Rod weight. Since everything about this fishing scenario is scaled towards the small end of steelheading, let's start at the small end of DH rods. A #5 would work - for the expert caster. What's more realistic are the #6's and #7's. Both weights will handle light sinktips and/or small weighted flies nicely, and can power through light to moderate breezes. Both line weights are also very well tuned into the fighting of fish in that 5 to 6 pound range, and have enough butt to handle 8, 9, and 10 pounders.
These parameters are as set for someone that is willing to truly learn to cast (with qualified instruction and consistent practice, attainable in 1 to 2 years). The rod range mentioned will easily handle the majority of casting situations on the Ronde, and yet they are not so overpowering as to make the catching of 5 and 6 pound steelhead seem like derricking panfish out of a pond with a canepole.

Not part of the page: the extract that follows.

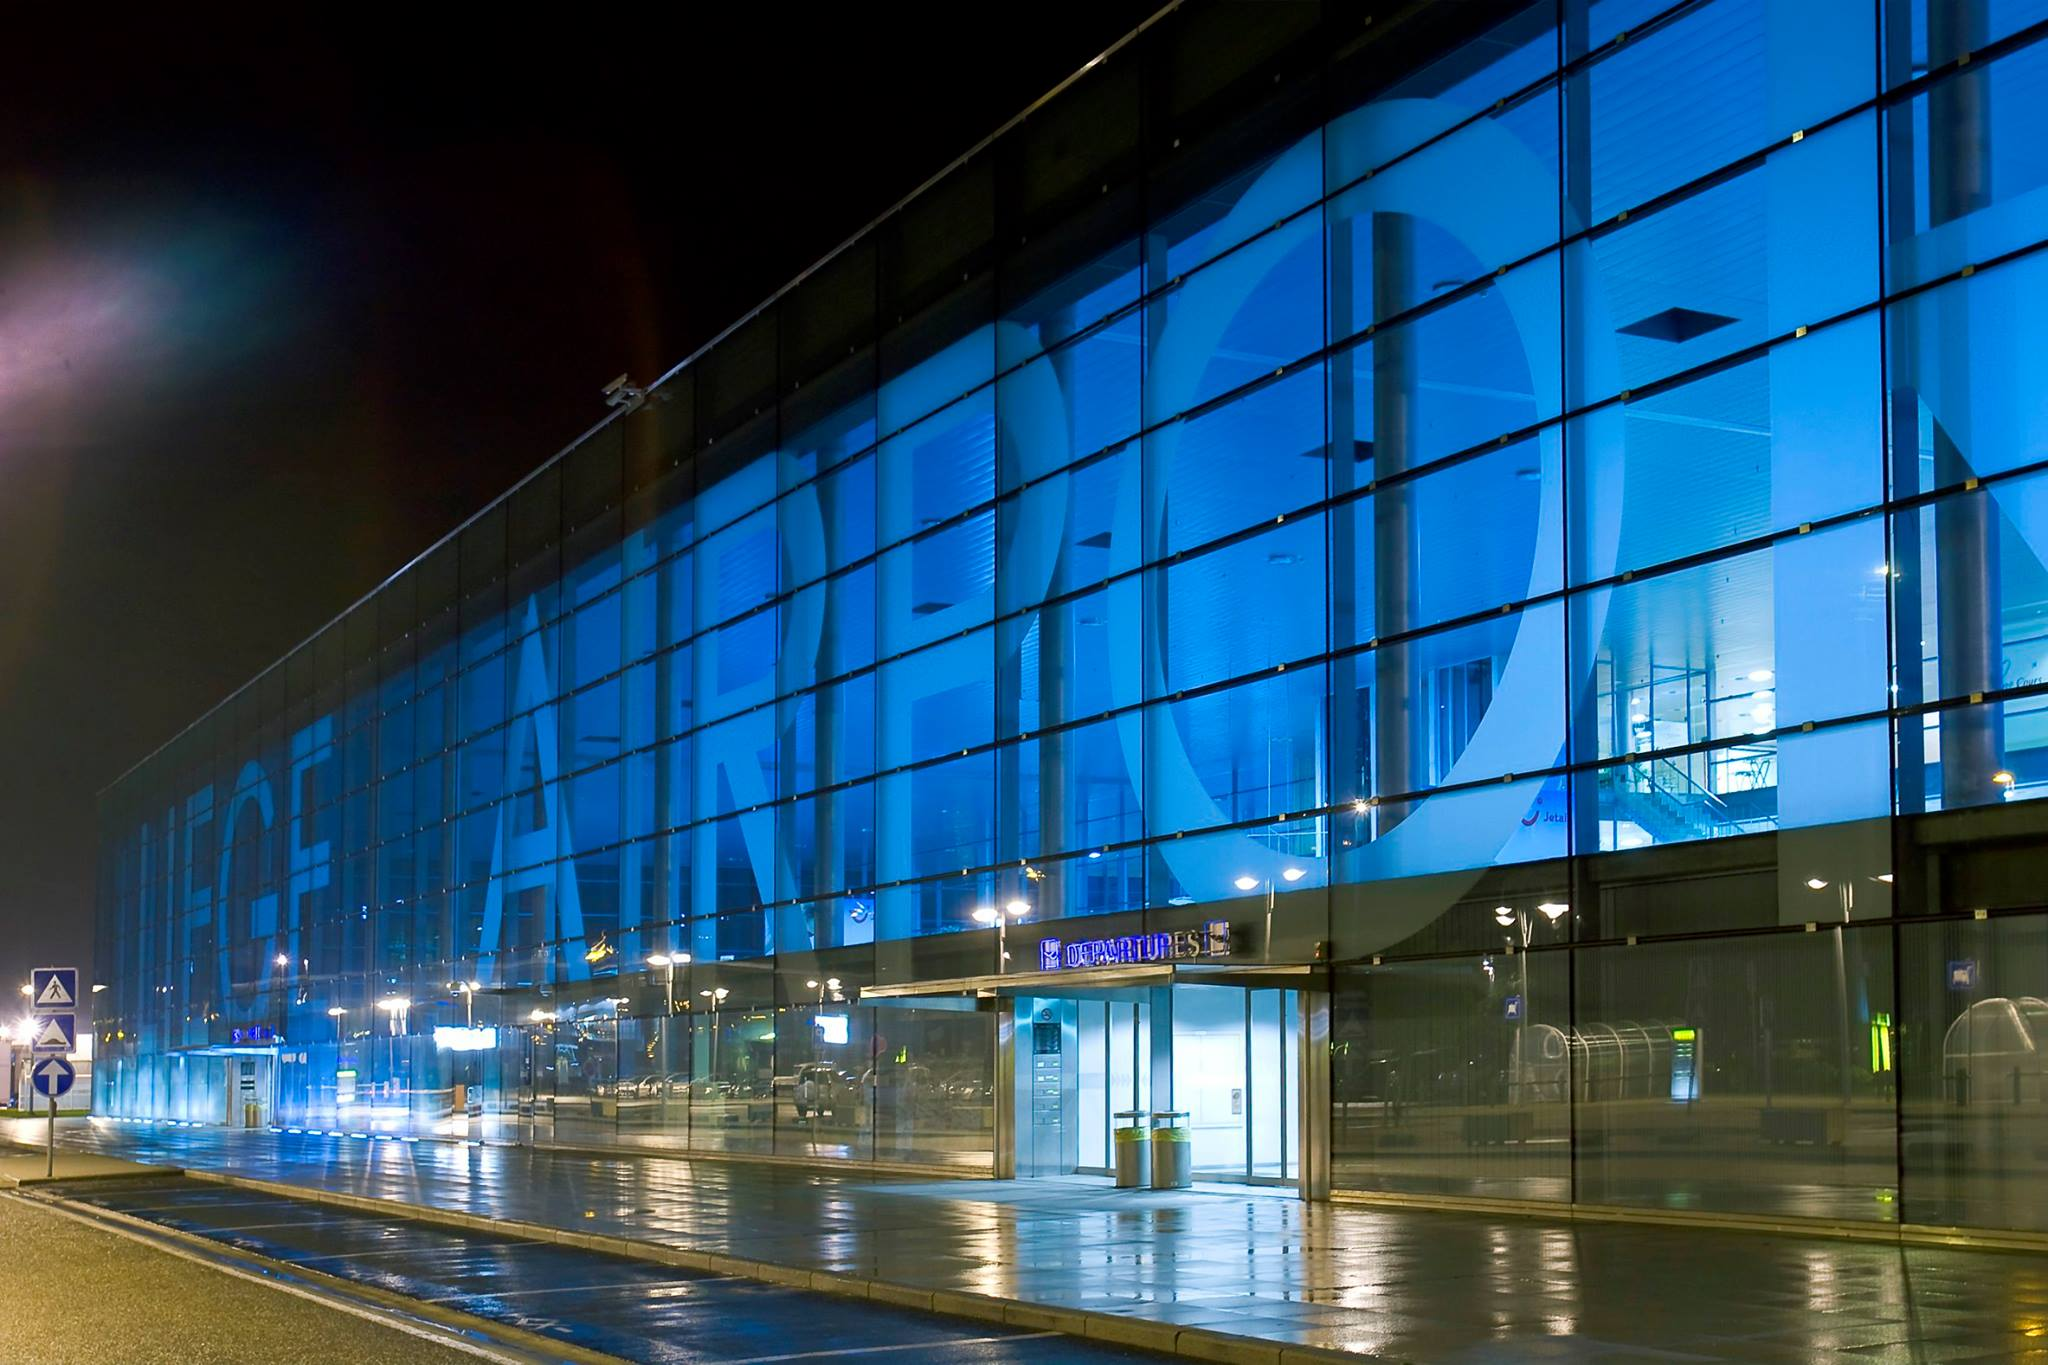 Terminal Liege Airport

Now, let's get into how to fight a steelhead with a rod that actually bends...
Fish anatomy...
The first step to fighting fish effectively with a long rod is in understanding a bit about a fish's physiology. Fish are built for lateral muscle movement. Example - point your left index finger at the wall, like your hand is a gun, the index finger is the barrel of the gun. Curl your index finger back in halfway towards your palm and straighten it out again. If your index finger is a fish, it bends like this (sort of) to swim, only both ways (sides). Now, take your right index finger, press it against the tip of your straightened out left index finger and try to lift the left index finger up. If your left index finger is the fish, the backbone, much like your finger, has minimal flex in an up-down aspect. This means that if you are pulling in an upward direction when fighting a fish that you are in fact doing very little to "tire" the fish because you are "fighting" the rigidity of its skeletal structure instead of "fatigueing" its muscles. The quickest way to tire a fish is to apply lateral (sideways pressure) to work on its MUSCLES. This is ONE reason why a sideways attitude on a rod when fighting a fish is more EFFECTIVE.
Jarring or shocking of the fly is a most significant factor for causing hooks to dislodge from a hooked fish. This action causes slack to be introduced into the line, and BINGO! fish off! Next time you snag your fly onto a branch out of the water, "bounce" the rod, while holding it vertical, rapidly and vigorously, not up and down, but rather towards and away from the snag and watch how often the fly "pops" free. This is similar to what happens when a fish "headshakes" or "rolls around" on the end of your line. The way to combat this is by keeping the rod at a sideways attitude so that the majority of line is UNDER the surface of the water. The water tension on the line acts as a "shock absorber", and in combination with the "spring" of the rod, cushions the line from too much direct jarring, and prevents total slack from being introduced into the line. This is another reason why a sideways rod attitude when fighting a fish is more EFFECTIVE.
This does not mean that you should ALWAYS have the rod sideways... clearing obstructions you have to go vertical.
Rods that bend deeper into the blank when fighting fish (regardless of "action", if sized for the fish, any rod action can be bent into the butt) allow one to apply MORE pressure onto a fish WITHOUT the fear of breaking off or tearing out, which for most anglers will result in fish being landed quicker, provided one does indeed know the limits of their tackle.